Let S be a Specker D-algebra and \(B=\textrm{Id}(S)\). The following proposition illustrates that \(D[B]^\flat \) encodes decreasing decompositions of elements of S into an algebra of functions from D to B.

Proposition 4.8

Let S be a Specker D-algebra and \(B=\textrm{Id}(S)\).

1. (1)

   Let \(s \in S\) be in full decreasing form \(s = a_0 + \sum _{i=1}^n b_i e_i\) and set \(a_i = a_0 + b_1 + \cdots + b_i\) for \(1 \le i \le n\). Define \(s^\flat :D \rightarrow B\) by

   $$\begin{aligned} s^\flat (a) = \left\{ \begin{array}{lll} 1 &{} \text {if} &{} a \le a_0, \\ e_i &{} \text {if} &{} a_{i-1}< a \le a_i, \\ 0 &{} \text {if} &{} a_n < a. \end{array}\right. \end{aligned}$$

   Then \(s^\flat \in D[B]^\flat \).

2. (2)

   Conversely, for \(f \in D[B]^\flat \), let the image of f in B be

   $$\begin{aligned} \{1=e_0> e_1> \cdots> e_n > 0\}, \end{aligned}$$

   and for each \(i \le n\), let \(a_i\) be the largest element of \(f^{-1}(e_i)\). Then \(s = a_0 + \sum _{i=1}^n (a_i - a_{i-1})f(a_i)\) is an element of S in full decreasing form and \(s^\flat = f\).

Proof

Straightforward. \(\square \)

Let S be a Specker D-algebra and \(B = \textrm{Id}(S)\). The reader probably already anticipates that \(D[B]^\flat \) is a D-algebra and that \((-)^\flat :S\rightarrow D[B]^\flat \) is a D-algebra isomorphism. This in particular implies that \(D[B]^*\) and \(D[B]^\flat \) provide two alternative representations of S, one that encodes orthogonal decompositions and the other that encodes decreasing decompositions. Consequently, \(D[B]^\flat \) also provides an alternative way to view boolean powers of a totally ordered domain D.

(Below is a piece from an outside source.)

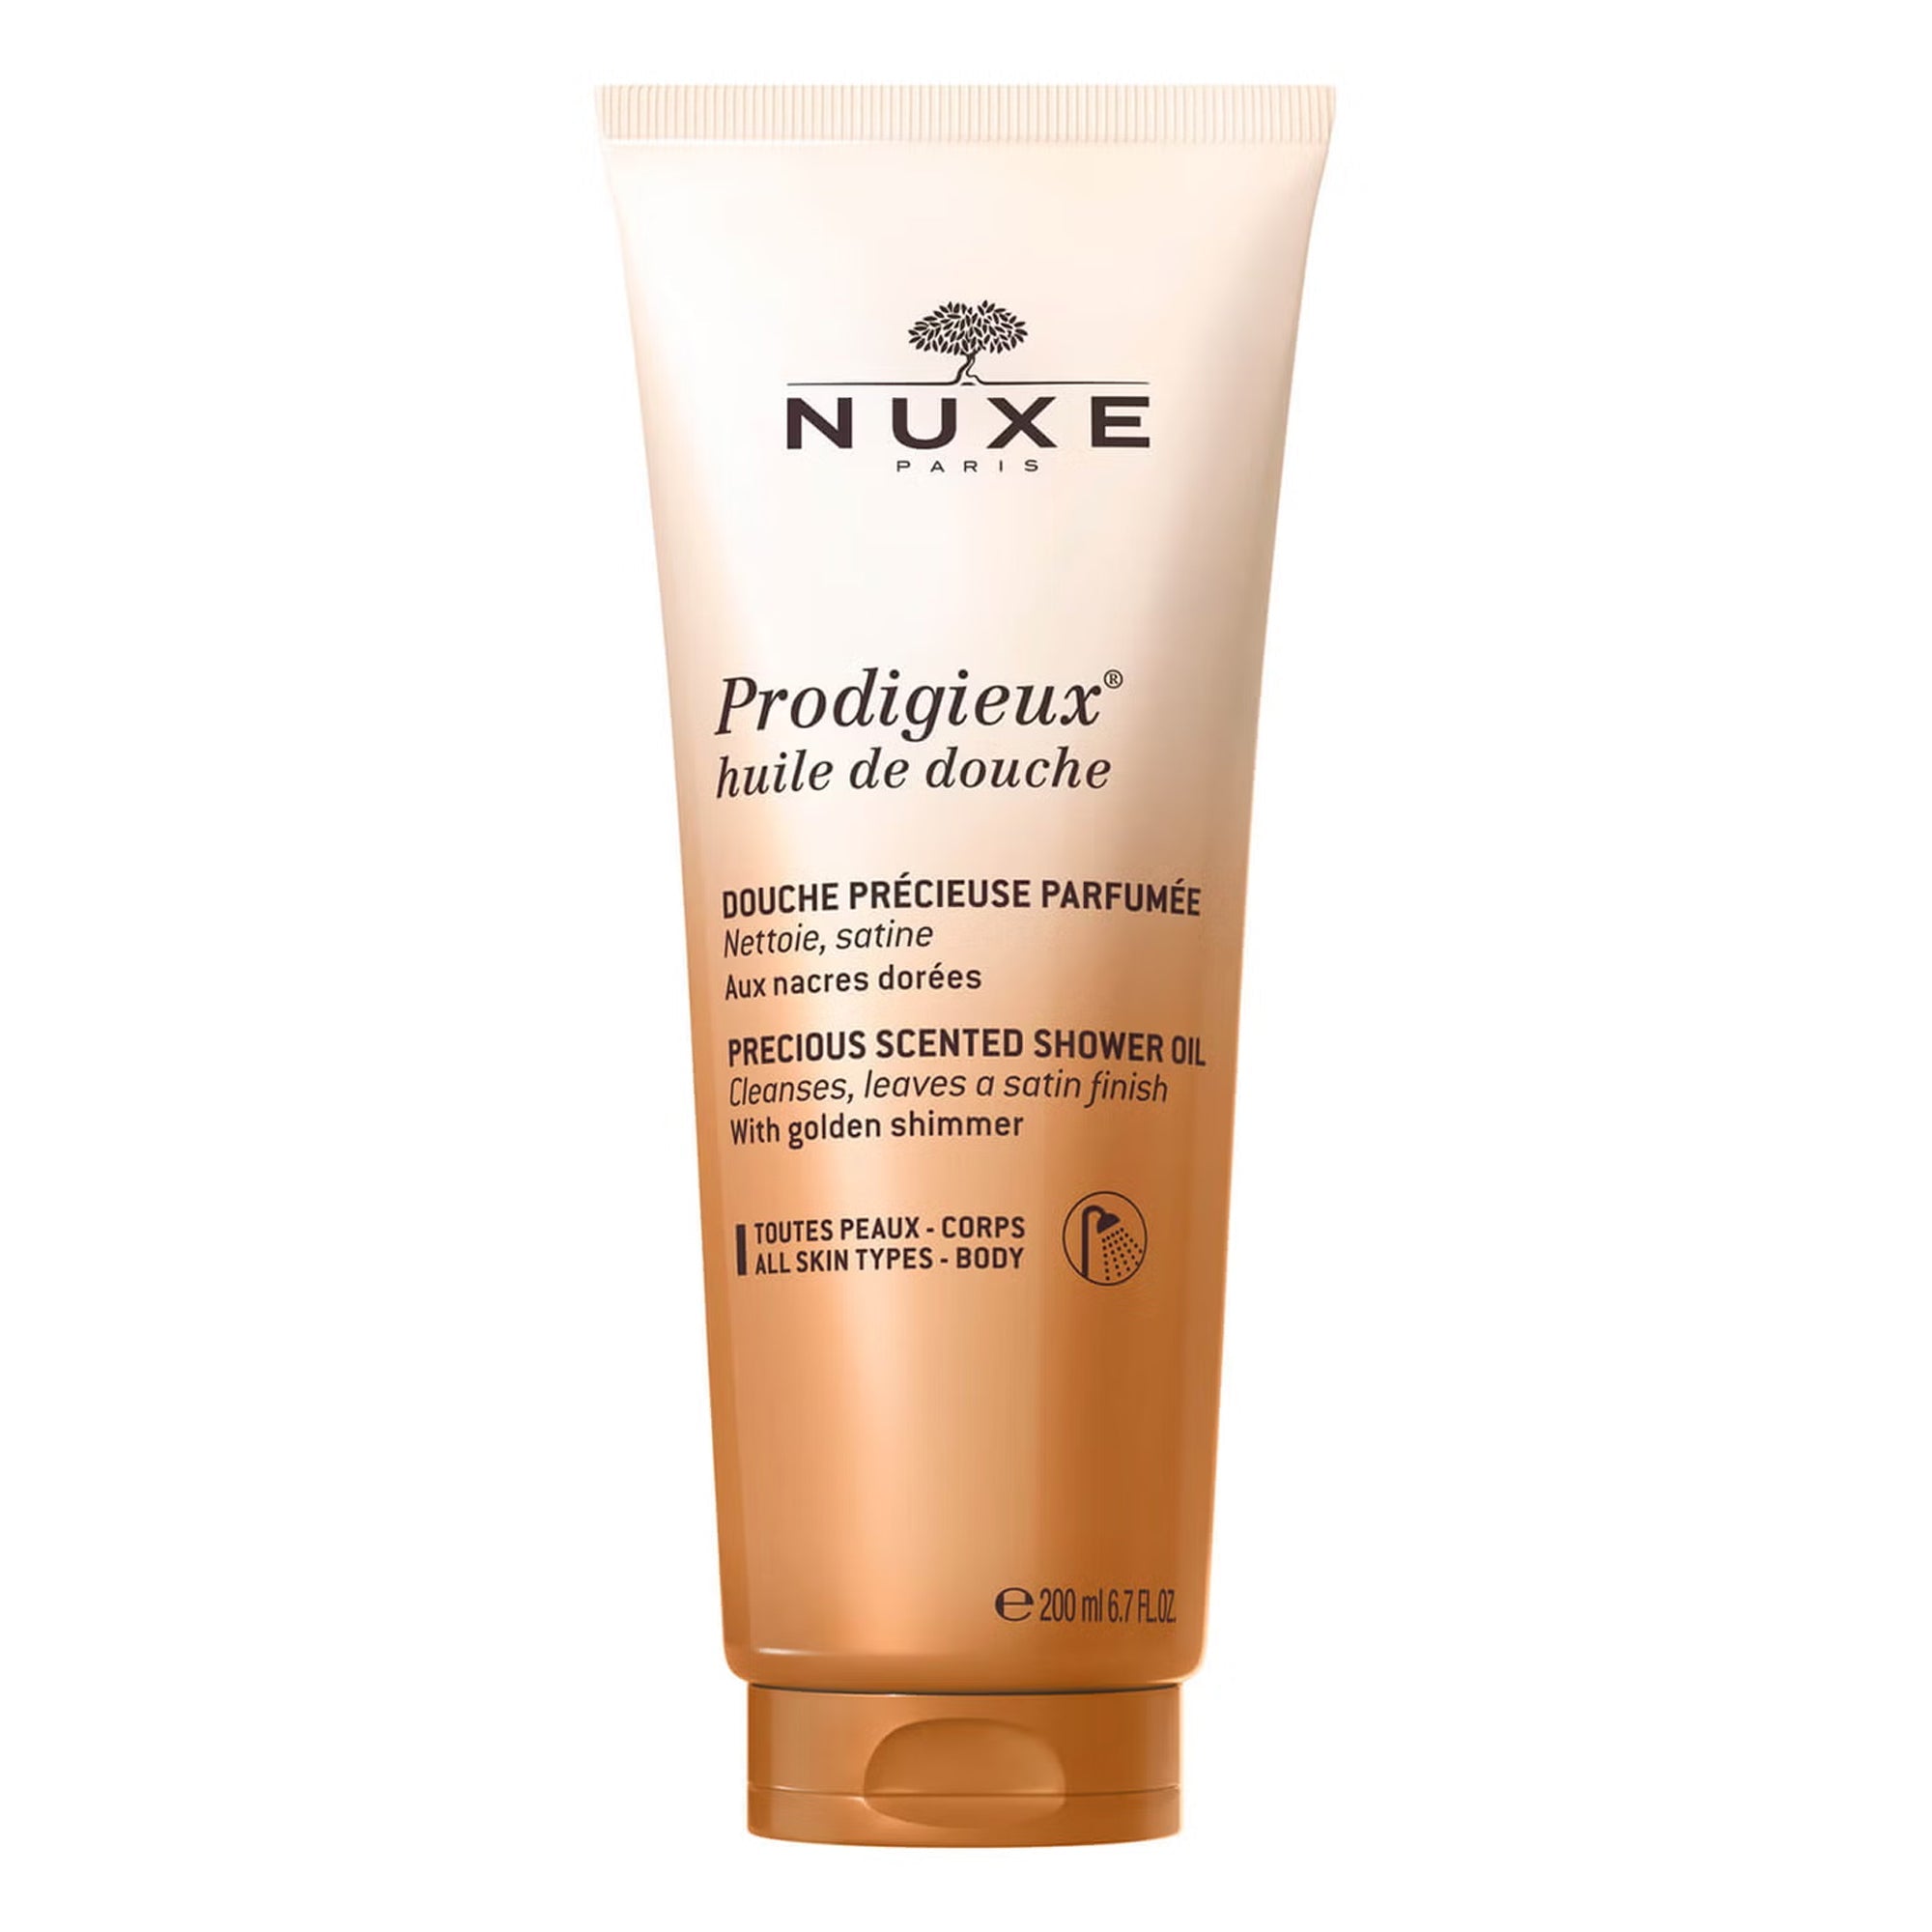 Prodigieux® Precious scented shower oil

We first prove that \(D[B]^*\) is in bijective correspondence with \(D[B]^\flat \), and describe the D-algebra structure of \(D[B]^\flat \) induced by this bijection. From this we will then derive that \((-)^\flat :S\rightarrow D[B]^\flat \) is a D-algebra isomorphism.

Theorem 4.9

For a boolean algebra B, there is a bijection \(\alpha : D[B]^* \rightarrow D[B]^\flat \) that induces on \(D[B]^\flat \) the structure of a Specker D-algebra whose operations satisfy, for all \(f,g \in D[B]^\flat \) and \(a,b \in D\),

1. (1)

   \((f+g)(a) = \displaystyle {\bigvee } \{f(b_1) \wedge g(b_2):b_1+b_2 \ge a\}\).

2. (2)

   If \(b>0\), then \((bf)(a) = \displaystyle {\bigvee } \{f(c):bc\ge a\}\).

3. (3)

   If \(f,g \ge 0\), then \((fg)(a) =\displaystyle {\bigvee } \{f(b_1) \wedge g(b_2):b_1, b_2 \ge 0, b_1b_2 \ge a\}\).

Proof

Define \(\alpha :D[B]^* \rightarrow D[B]^\flat \) by \(\alpha (f)(a)=\displaystyle {\bigvee } \{f(b):b \ge a\}\) for each \(f \in D[B]^*\) and \(a \in D\). To see that \(\alpha \) is well defined, let \(f \in D[B]^*\), and let \(\{a \in D: f(a) \ne 0\} = \{a_0< \cdots < a_n\}\). Set \(e_i = f(a_i) \vee \cdots \vee f(a_n)\) for \(0 \le i \le n\). Then \(1=e_0> e_1> \cdots> e_n > 0\), \(\alpha (f)^{-1}(1) = (-\infty , a_0]\), and \(\alpha (f)^{-1}(0) = (a_n,\infty )\). Moreover, if \(a_{i-1} < a \le a_i\), then \(\alpha (f)(a) = f(a_i) \vee \cdots \vee f(a_n) = e_i\), so that \(\alpha (f)^{-1}(e_i) = (a_{i-1},a_{i}]\). Thus, \(\alpha (f) \in D[B]^\flat \), and \(\alpha \) is well defined.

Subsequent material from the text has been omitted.